← Ascendy 한국어

backend

The green light was lying — an ERROR right next to succeeded

· Ascendy Engineering


TL;DR

Source note. This post distills a backend-team intake (docs/intake/from-backend/2026-05-31-silent-primary-write-failure-masked-by-dual-write.md). Collection / field / module names and operational scale numbers are generalized. Its sibling in the same “silent failure” family is ERROR was visible, only INFO vanished — there the logs disappeared; here the success verdict lied.

An ERROR next to succeeded

While looking at something else, I noticed the worker logging the same ERROR on every reindex. It was trying to write a field to the vector DB and getting rejected — “no such field on the collection, and dynamic fields are off.” But something was off.

The very next line, that task had ended succeeded.

The task reports success, yet inside it a write is being rejected. That single contradiction was the clue — the success verdict wasn’t reflecting what actually happened.

Trap 1 — the dual-write hid the failure

Tracing it, there were two paths writing the text-search vectors. The authoritative primary collection, and a secondary multi-vector collection being rolled in (additive dual-write). The problem was where success got decided.

def reindex(media_id):
    try:
        primary_upsert(media_id, ...)     # fails every time, only logs an ERROR, passes
    except Exception as e:
        logger.error("primary write failed: %s", e)
    secondary_dual_write(media_id, ...)   # if THIS succeeds, the task is succeeded
    # → metrics/status stay green, the primary quietly empties

The primary write caught its error in a try/except, logged it and moved on, and the task’s success/failure was decided solely by the dual-write path. So the primary could fail every time and the task was always succeeded — a silent failure invisible unless you grep the logs.

Here’s the irony in the design. The dual-write existed precisely to keep a failure “from affecting the main path.” But when the direction flipped — when the masked side turned out to be the primary — the same safety device became a device that hides failures.

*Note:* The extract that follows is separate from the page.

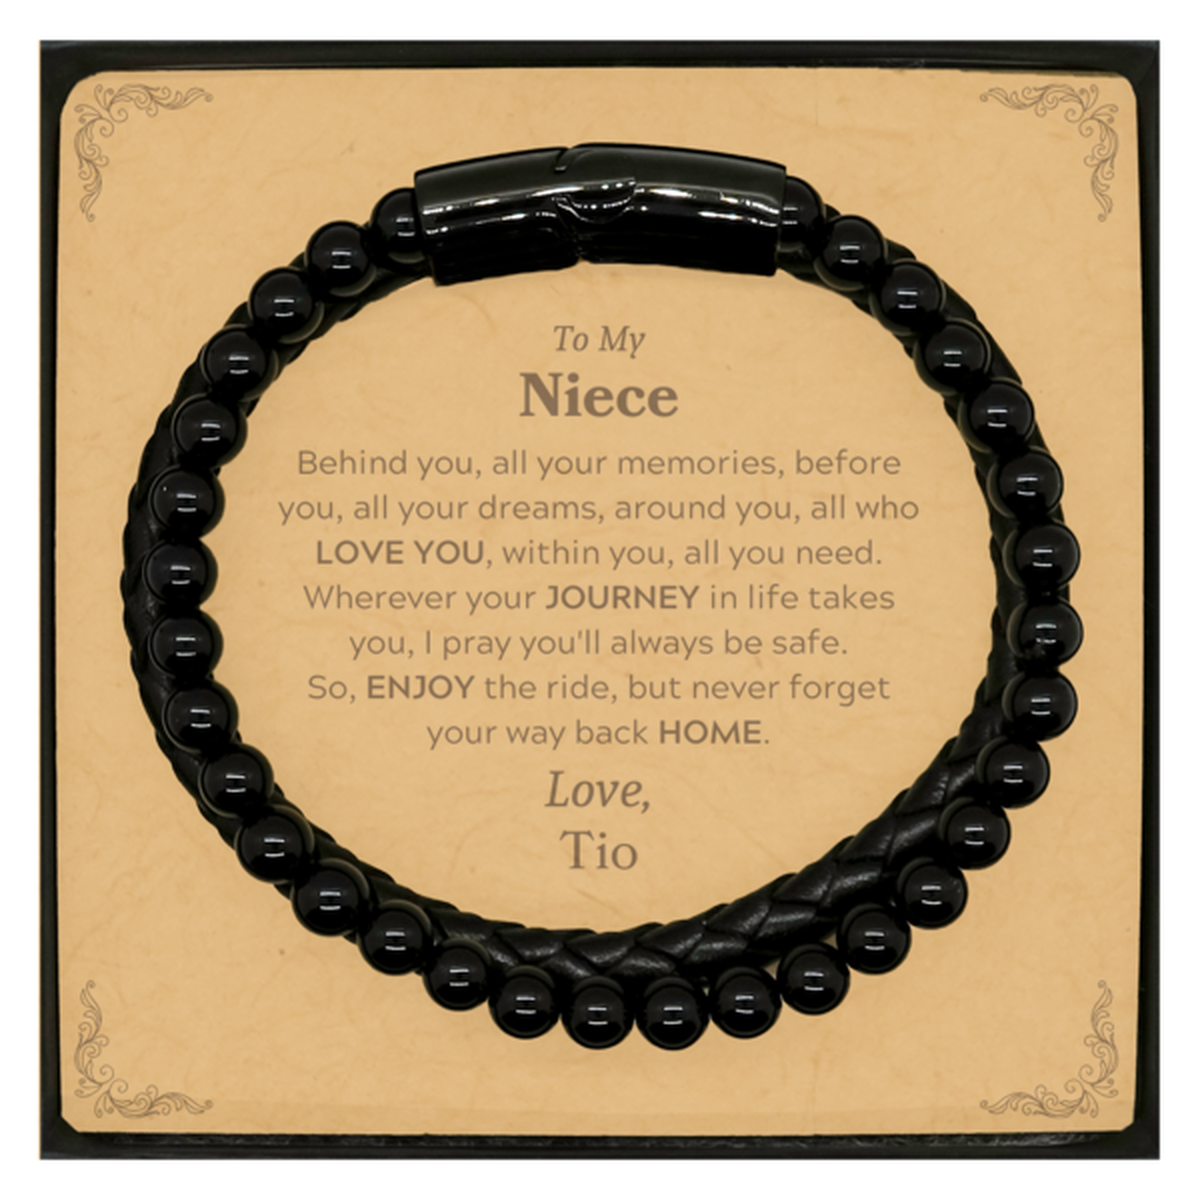 To My Niece Graduation Gifts from Tio, Niece Stone Leather Bracelets Christmas Birthday Gifts for Niece Behind you, all your memories, before you, all your dreams. Love, Tio

Trap 2 — the create-guard is silent about schema evolution

Why was the primary write rejected? The collection-creation code looked like this.

def get_collection(name: str):
    if not has_collection(name):          # ← the branch
        schema = build_current_schema()   #   never runs for an existing collection
        create(name, schema)
        create_index(name)
    return load(name)

if not has_collection looks idempotent. But there’s a trap — if the collection already exists, the schema definition is ignored entirely. A new field had been added to the code schema months ago, but a dev collection created before that kept its old schema. A vector DB (and schema-on-write stores in general) has no implicit ALTER like an RDB. So code schema and live-data schema silently drifted apart and froze that way.

I pinned it with a measurement, not a guess. I queried the live collection schema directly.

# expected: [id_field, tenant_filter_field, text_field, vector_field]
# actual:   [id_field, text_field, vector_field]   ← tenant_filter_field missing = drift confirmed

The field the code wanted wasn’t in the live data. And the search path filtered on that same field — so reads were broken on this collection too, not just writes.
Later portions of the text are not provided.